They look great.......
If they left the factory with a gloss finish I would go back with the same finish.
 
Well I found out something interesting today. Nobody wants to powder coat clear gloss on aluminum rims! So I guess I will go with semi gloss. In reality, they will turn out pretty close to the sheen they are right now.

I received my 1" spacers today, and test fit the rims. The rims are 4 5/8 backspace, and would not clear the tie rod end. With the spacers, they clear the tie rod and the caliper. Even better, since the factory studs are 1", no shortening required.

I mounted the rims up on one side. I actually think the sheen on the rims right now is just right. Just need clear coat for protection. I think the way they fit in the wheel house will be good also. Check out the pics, and chime in if you like.









 
Inch and a half would put the stance closer to your target, in my opinion. Without flares you are good.

Remember the photo I posted. That is an inch and a half spacer AND an 8 inch wide wheel, not 7.
 
Yeah I agree with Dan, I dont think your going to be quite wide enough with those rims and spacers to match up to your flares. Here is a comparison pic of mine with 16x8 rims with 3.75" backspacing and 1" spacers, running 35x12.5R16 Trxus M/T's. Tires are sticking out 1.5" past the body which would be a perfect match for those flares (in case you decide not to use them ;))
222.webp
 
Ok. I think the bare rims are deceiving.

Go back and look at post 174, page 6. Those are the same size tires on 4" backspace rims. With these rims ( 4 1/2 backspace with 1" spacer, I am 1/2 inch further out than that pic. Year, they could be out a little more, but I can address that with more spacing if I feel the need. I want the bulge of the tire inside the flare edge.

I think I will be going with BFG All terrains, because i will be on road much much more than offroad. Probably never in the mud. Pretty limited selection of narrow tall tires out there in 15 inch
 
"Go back and look at post 174, page 6." See mash up of two photos below.

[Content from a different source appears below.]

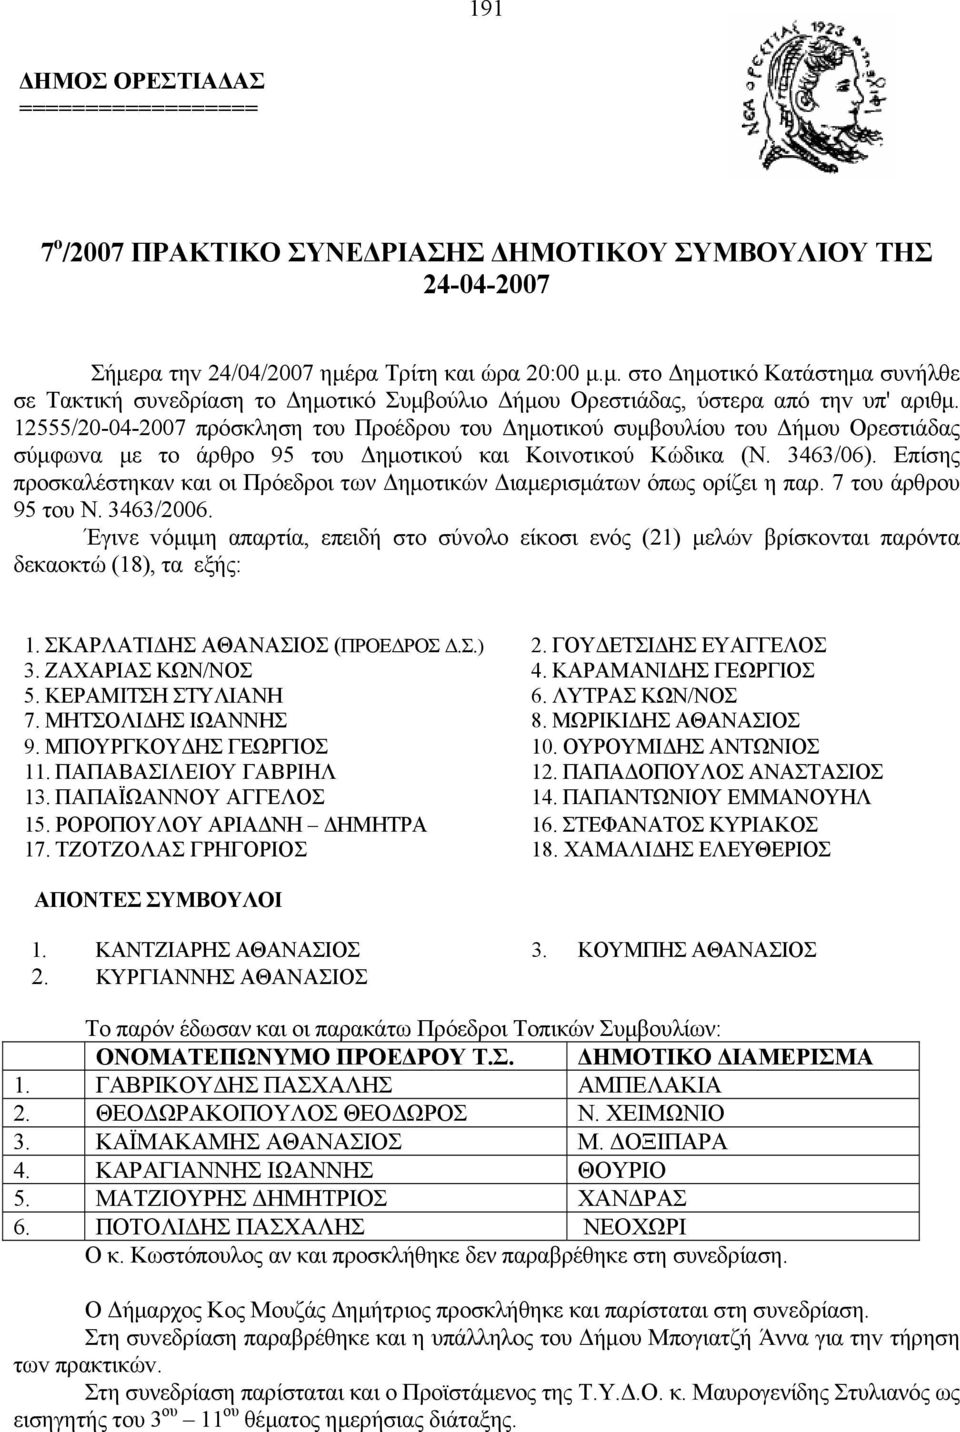 12555/20-04-2007 πρόσκληση τoυ ροέδρου του Δημοτικού συμβουλίου του Δήμου Ορεστιάδας σύμφωvα με το άρθρο 95 τoυ Δημoτικoύ και Κoιvoτικoύ Κώδικα (Ν. 3463/06).

Looks good either way. I am just a little sensitive because my skinny little rims and tires are envious of every other set of shoes on this site...... maybe it will look better with increase from 6 to 7 inch rims and some 1.5 inch spacers - these are 16s.

Tire Mashup.webp
Skinnies.webp
 
you should be about 1" from the outside of the sidewall to the edge of the covering sheet metal or flare edge to keep the crap off the vehicle.
i feel you boys are WAY over thinking this.
stock off set and an inch to inch and a half wider tire. this will give the truck the stock look with the flares. what ever off set rims you are using then adjust according to the ratio above and the final look will be clean ... just like the rest of the build you did ... perfect.
 
Inch and a half would put the stance closer to your target, in my opinion. Without flares you are good.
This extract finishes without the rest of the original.